Apiogalacturonan
- Names: Other names Galacturonoapian

Identifiers
- CAS Number: 9039-03-6;

= Apiogalacturonan =

Apiogalacturonans are a type of pectin found in the cell walls of Lemna and Zostera marina. Substituted galacturonans are characterized by the presence of the saccharide appendant residue D-apiose in the case of apiogalacturonan, branching from a backbone of D-galacturonic acid residues. According to the Complex Carbohydrate Research Center, "[t]he backbone of these polysaccharides is resistant to fragmentation by microbial EPGs."

Lemnan belongs to rare apiogalacturonic pectic polysaccharides, along with zosteran from Zostera marina.

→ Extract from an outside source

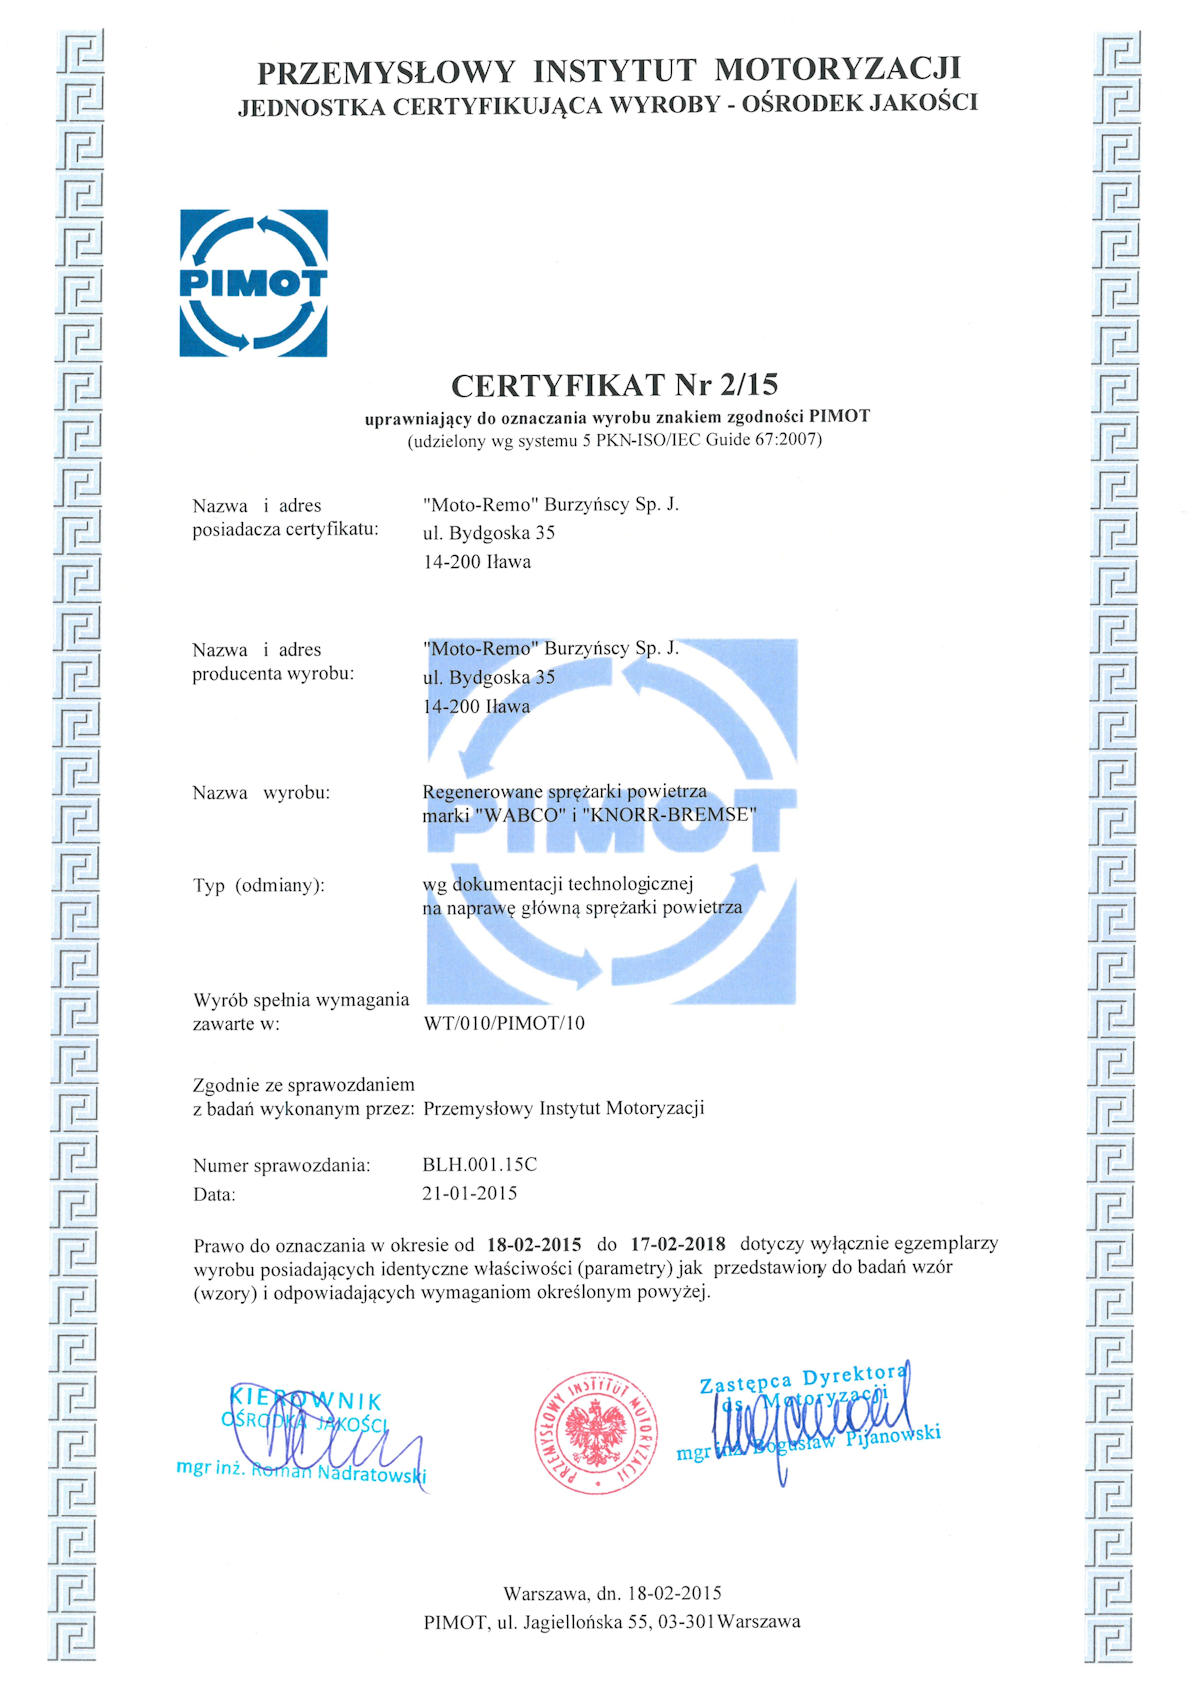 certyfikat pimot 2015

The apiogalacturonan in Lemna has been studied for several nutritional and biotechnology applications in animal models. In brief, it has been shown to have gastric-protection and immune-adjuvant properties. It is also cryoprotective and this application has been patented.

The apiogalacturonan from Zostera marina currently is used in a variety of cosmetic functions. The German group Beiersdorf AG holds several patents on the application of apiogalacturonan for cosmetic applications. Zostera marina L. was selected for its antioxidative activity and inhibition of matrix metalloproteinase-1 (MMP-1) expression.